Founded in 1909, the college is private, non-profit and receives no funding from local, state or federal governments.
The college is the result of a life-long dream of William R. Moore, who was born near Huntsville, AL, in 1830. At the death of both parents, Moore, 12, was forced to leave school and work bare-footed as a farm hand for room and board and $2 a month.
At Age 15 he went to work as a sales clerk in Nashville. At 26 Moore moved to New York City, where he spent three years as a wholesale dry goods salesman. He moved to Memphis in 1859 and opened Wm. R. Moore & Co., wholesale dry goods distributor.
Mr. Moore served two years as a U.S. Congressman from 1881 to 1883 and two years in the Tennessee House of Representatives from 1889 to 1891. Mr. Moore married, but had no children. He died in 1909 and was buried at Forest Hill Cemetery.
The bulk of his estate was designated to establish a school. Although substantial at the time, the bequest of $500,000 was not enough to begin his dream. A group of prominent Memphians formed a board of trustees to invest the funds. After thirty years of investing, plus the bequest of the balance of his estate at his wife’s death, funds were adequate to purchase the land and begin construction of the school at its current location in 1938.

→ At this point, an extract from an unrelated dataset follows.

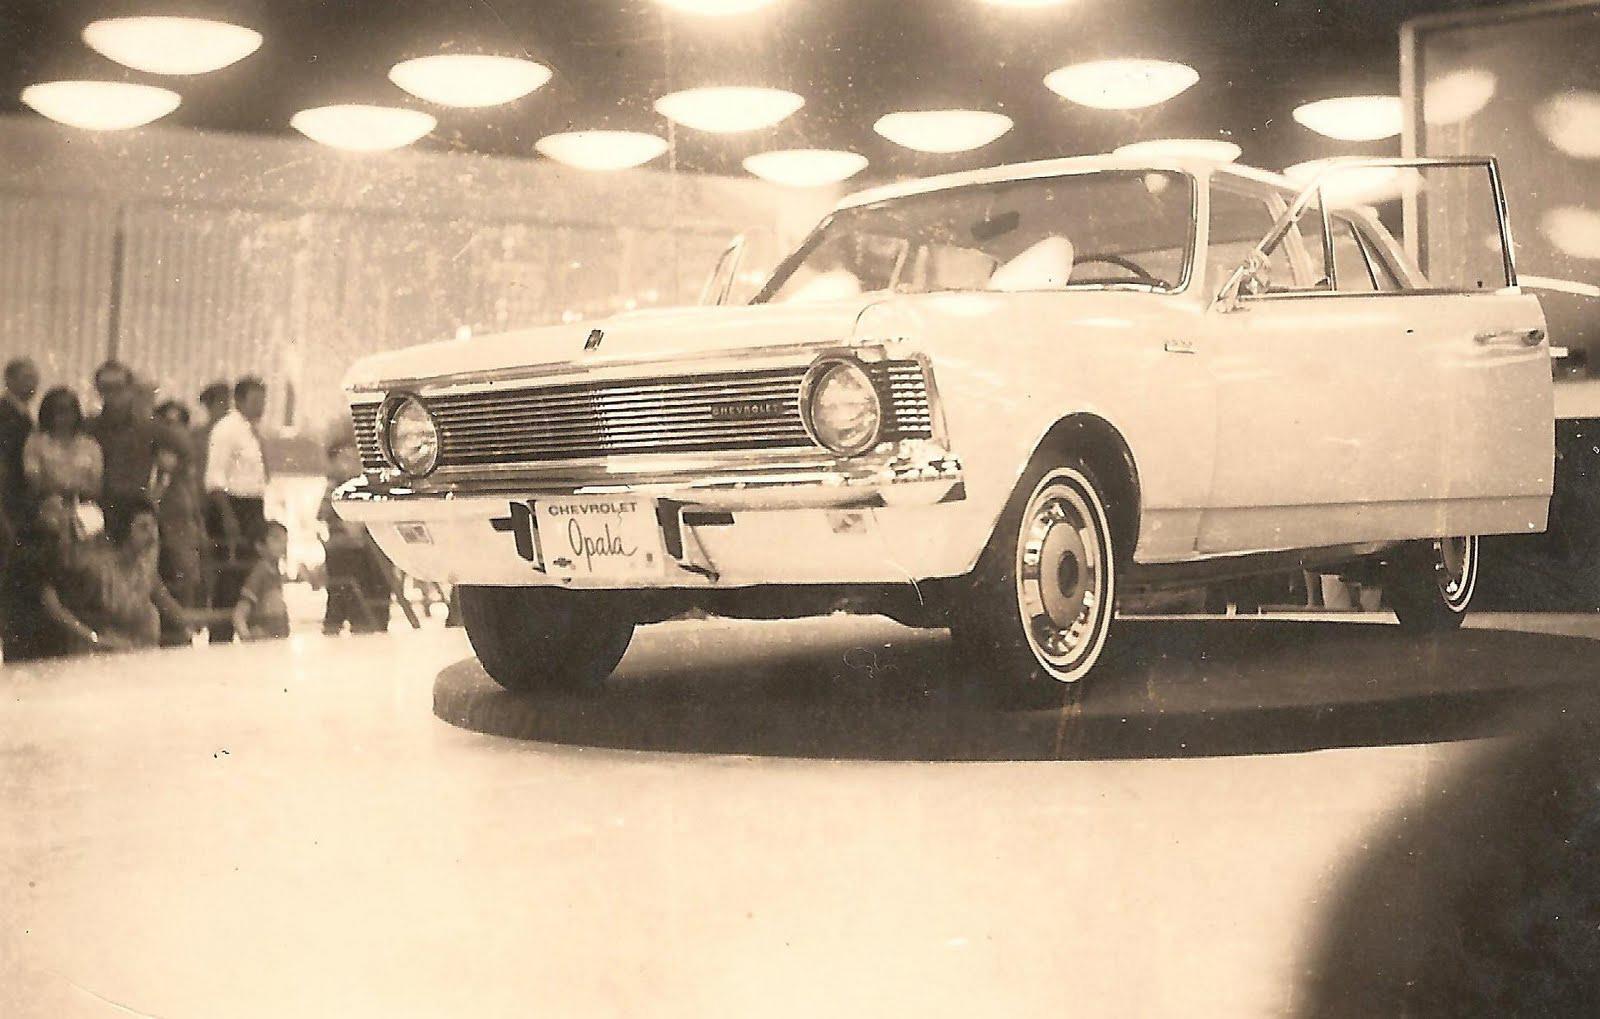 chevrolet opala durante lancamento no salao do automovel 1968 credito para ingo hoffman arquivo pessoal
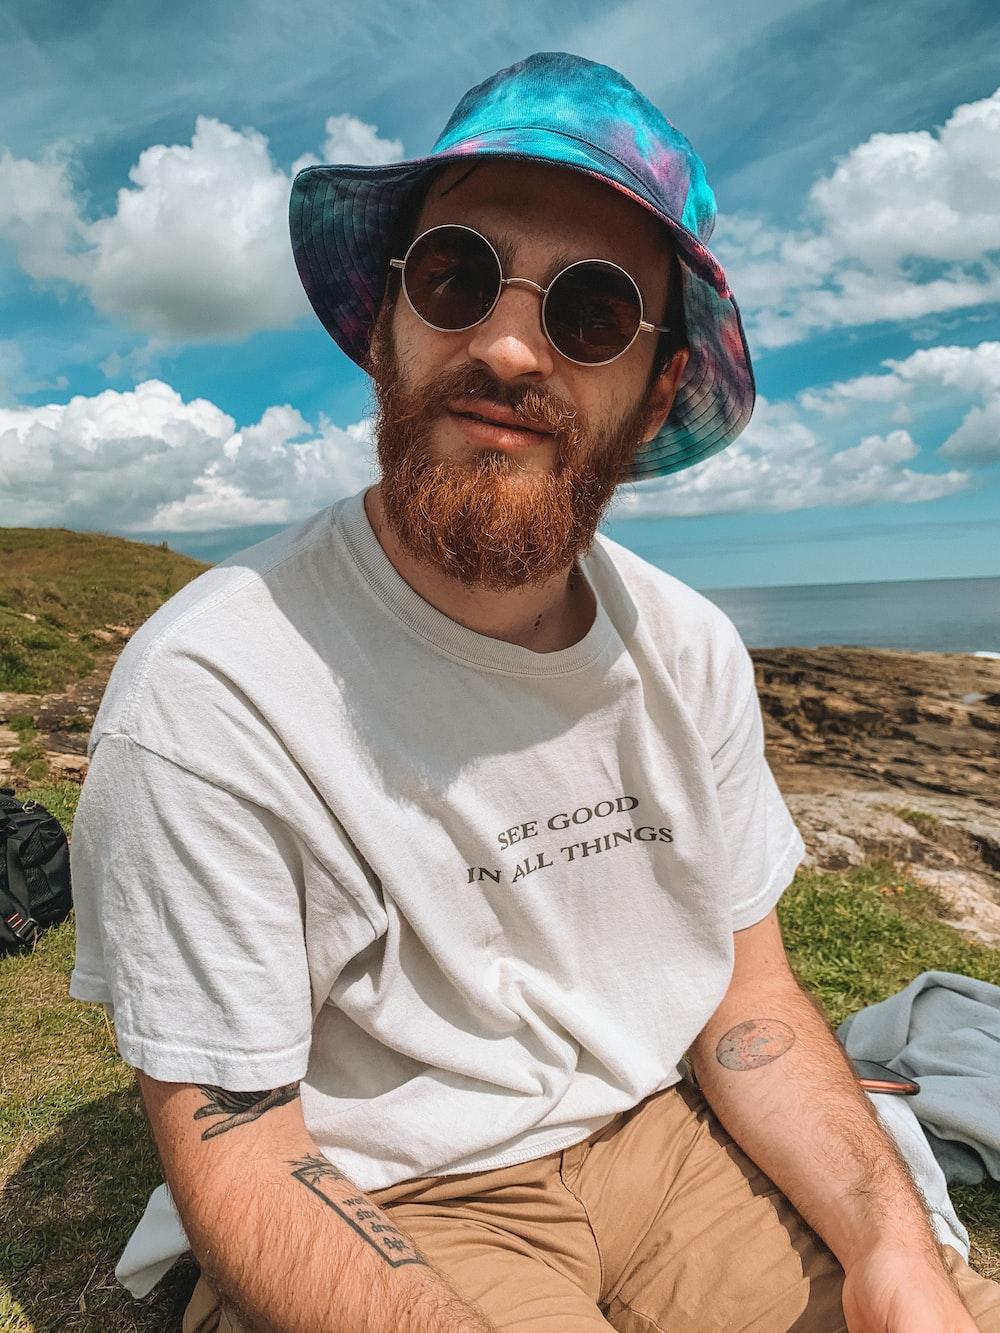 man in white crew neck t-shirt wearing blue sunglasses

The first class convened in January of 1939, and Mr. Moore’s dream has continued uninterrupted. Initially no tuition was charged. Today approximately 65 percent of costs are paid from the college trust fund. The college curricula has evolved over the years to keep up with the needs of a changing job market. Moore Tech has provided important vocational training to tens of thousands of students throughout the mid-south.